In my time of turmoil I thought I was the one making my marriage all wrong, when actually any relationship is a two-way street, both are at fault.
I left teaching in a public school setting to go teach in a charter school. It was there I was connected with so many people who appreciated/acknowledged me for who I am. Although I had my doubts about leaving a "comfortable" position and venturing into something with little backbone, there was definitely a reason. Relationships with people developed that led me to discovery. I reconnected my relationship with Jesus-I was reborn spiritually. Do Catholics even believe in that? I began attending a non-denominational church, volunteering in the children's ministry, and helping out with the missionaries. I believe God answered my prayers. I may not have wanted a divorce, but it is not about what I want, it is about what He wants. He gave me the strength, courage, and guidance I needed to live each day (BTW-He still does). The devil comes to steal, kill, and destroy. I have conversed with Number Twelve on numerous ocasions that I believe the devil stole my marriage. Although we cannot answer the why questions right now, she believes that one day the truth will unfold.
So the first Sunday of each month I volunteer my time from 7:30-3:00 ministering to 4 & 5 year olds. Three services, 150 children, smiles, tears, and the utmost satisfaction.

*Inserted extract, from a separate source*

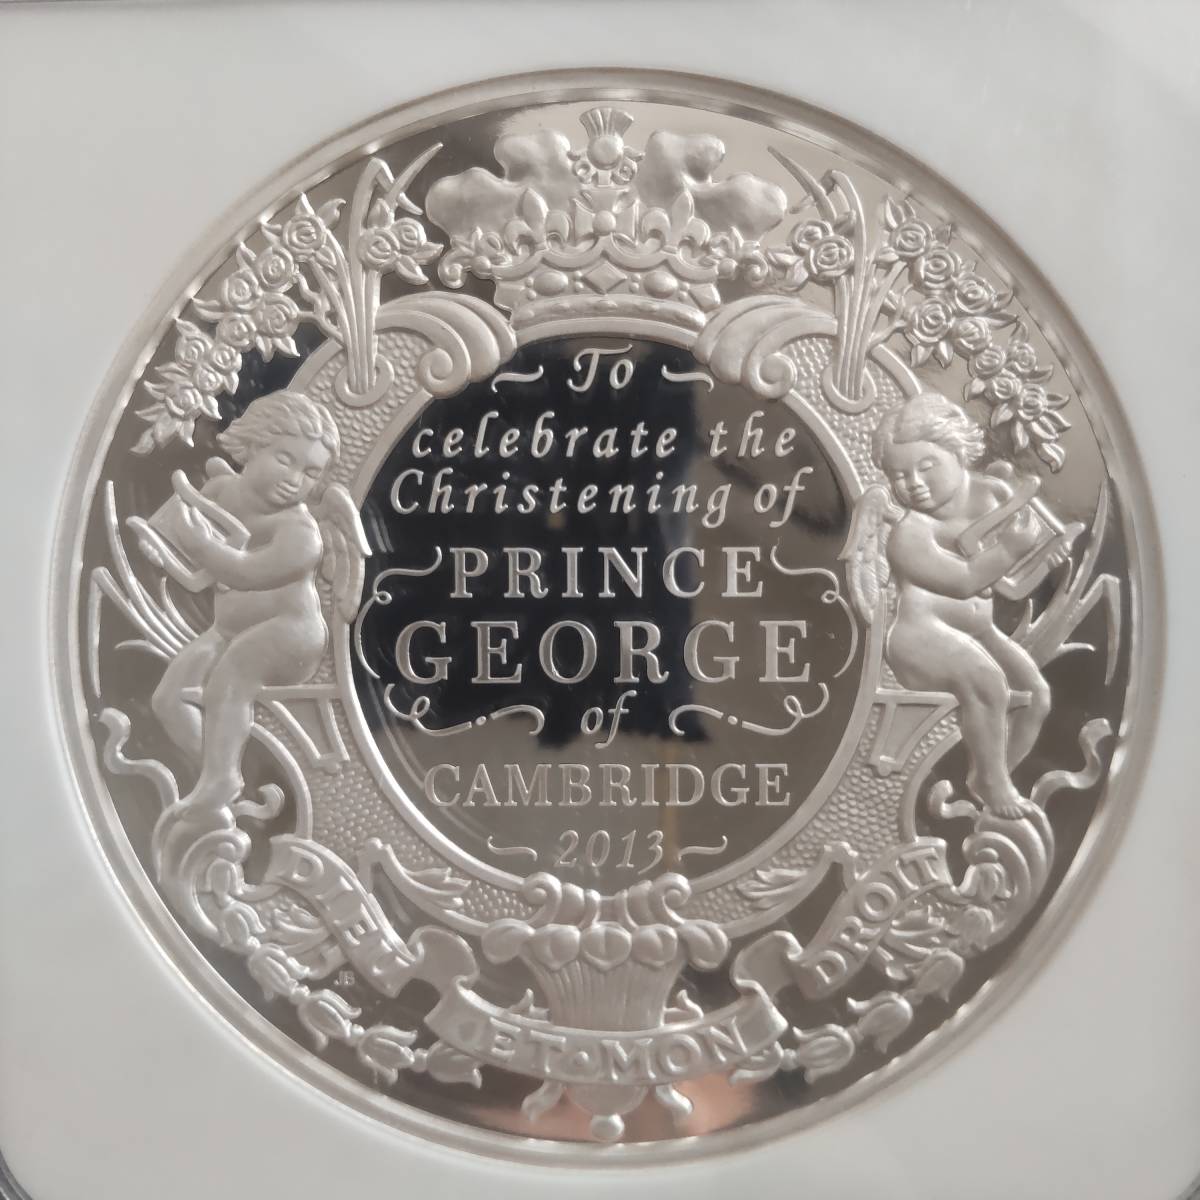 【稀少・最高鑑定】2013年 イギリス 英国ジョージ王子誕生洗礼記念 大型 銀貨 NGC PF70 ウルトラカメオ 500ポンド 1キロ モダンコイン _画像1

My therapy still goes on. I haven't had any individual sessions in some time (I think I need to schedule one), yet the group of women that I meet with twice a month empower me even more. I can actually begin to call this group of women a group of friends. And the best thing about is that we all have so much in common. We appreciate honesty, truthfulness, and openness-most of which we never got with our marriages. None of us want to play any games. I will be hosting the first of our summer meetings and am so looking forward to it.
I must admit, my divorce definitely took a toll on me. The guilt, oh it is so hard to just go away. There are days when it just kills me inside. I can honestly say that almost one year later I am starting to feel renewed. I feel like me again. It takes an experience of any sort of stress in our lives to make changes. My mother's words of advice/wisdom after all these years is now starting to make sense. I have never felt stronger in my life.
I scrapbook for a hobby. I exercise. I eat my favorite foods. I have a drink every now and then. I blog. I budget my money. I am still the same person I was before all of this happened. I am stronger now, I see red flags sooner, I refuse to be manipulated.